The fleet comprised deepwater drillships, semisubmersibles, and jackup rigs built by yards such as Keppel Corporation, Samsung Heavy Industries, and Hyundai Heavy Industries. Notable rig classes operated comparable to vessels like Deepwater Horizon-type drillships and Borgsten Dolphin-class semisubmersibles in capability, fitted with blowout preventers supplied by manufacturers like NOV and GE Oil & Gas (now part of Baker Hughes). Dynamic positioning systems were sourced from providers including Kongsberg Gruppen and ABB Group, while marine systems involved suppliers such as Siemens and Wärtsilä. Contracts often required compliance with standards from classification societies like Lloyd's Register, American Bureau of Shipping, and Det Norske Veritas.
The firm operated within an industry shaped by incidents such as the Deepwater Horizon oil spill and regulatory frameworks influenced by bodies like the Bureau of Safety and Environmental Enforcement and the International Maritime Organization. Safety management systems referenced standards from International Association of Drilling Contractors and ISO guidelines, and the company engaged in audits by insurers such as Lloyd's of London underwriters. Environmental considerations involved decommissioning obligations under legislation in jurisdictions like United Kingdom Continental Shelf regulatory regimes and Brazilian National Agency of Petroleum, Natural Gas and Biofuels rules; the company reported incident investigations coordinated with authorities including U.S. Coast Guard and national regulators.

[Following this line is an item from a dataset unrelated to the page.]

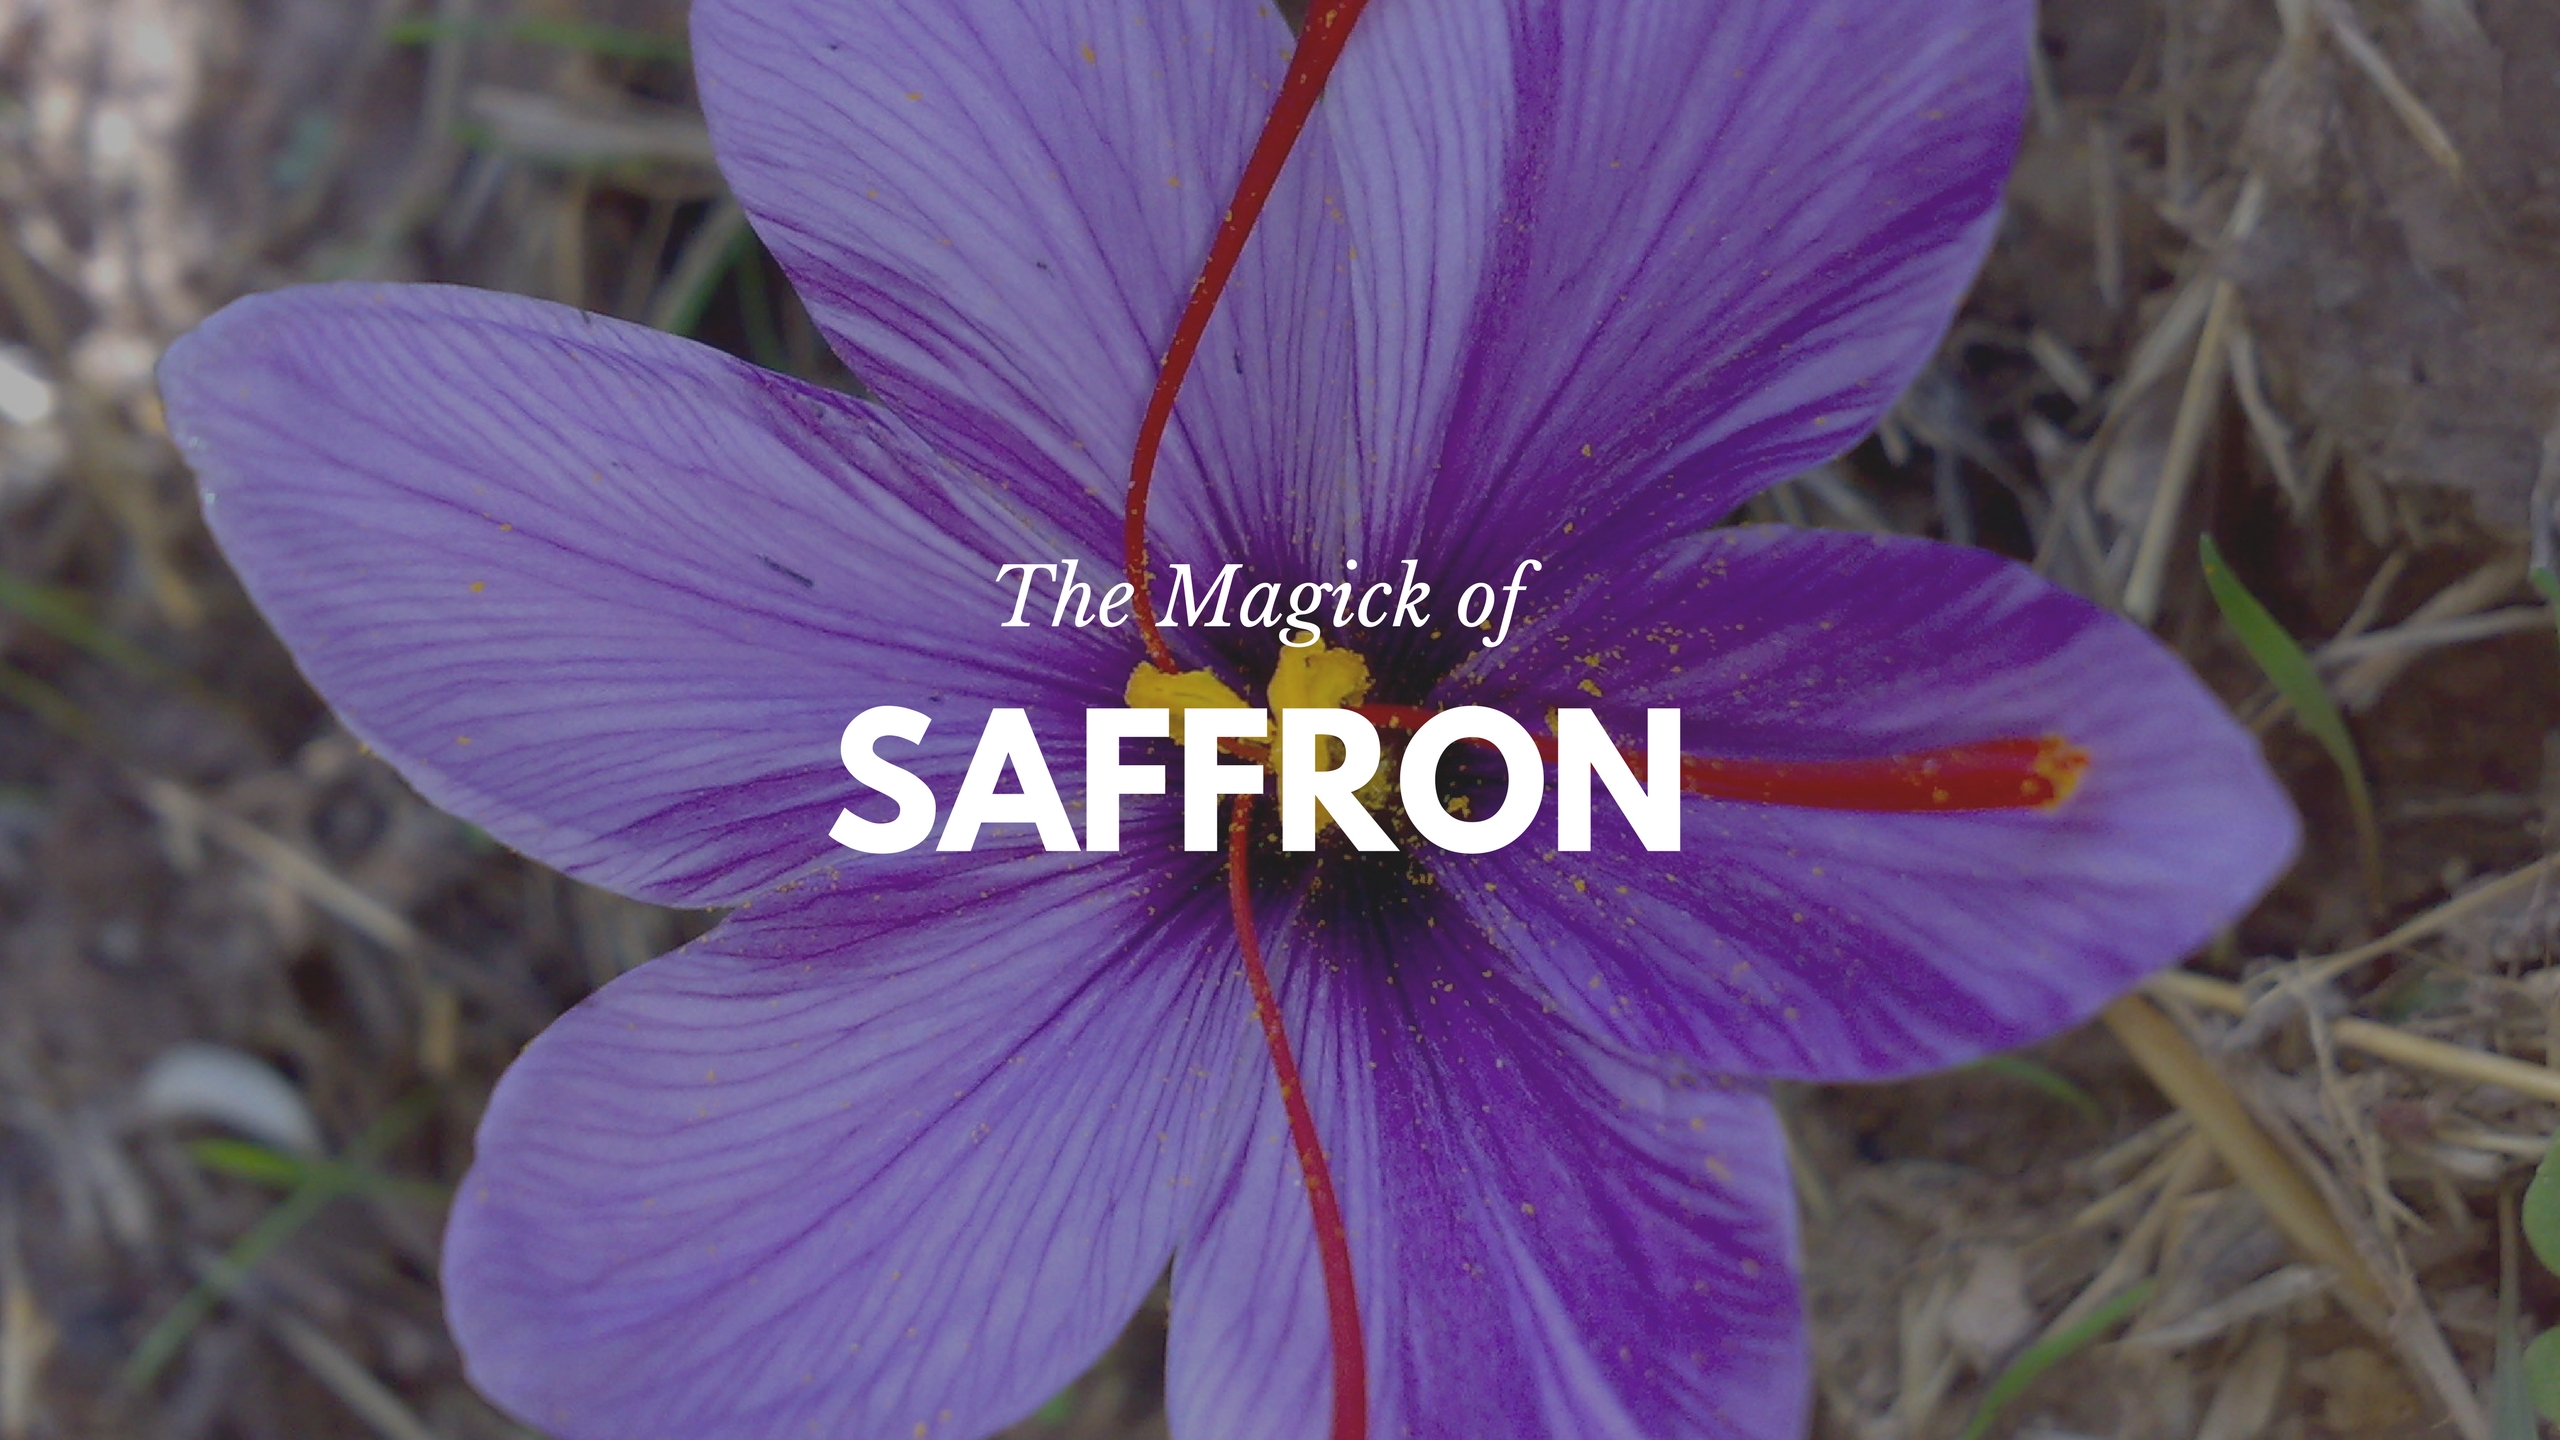 Saffron is irresistibly tantalizing drawing us in with its sultry, provoking aroma and passionate, seductive energy. -- Saffron Magical Properties and Uses

Corporate governance included a board with executives and directors who had ties to energy firms such as Occidental Petroleum and Exxon's leadership ranks, and financial relationships with institutions like Goldman Sachs and JPMorgan Chase. Capital markets activity involved listings and filings influenced by exchanges like the New York Stock Exchange and transactions evaluated under Securities and Exchange Commission rules. The company underwent mergers, asset sales, and restructuring transactions in the context of industry consolidation involving entities such as Valaris plc, Transocean, and Seadrill.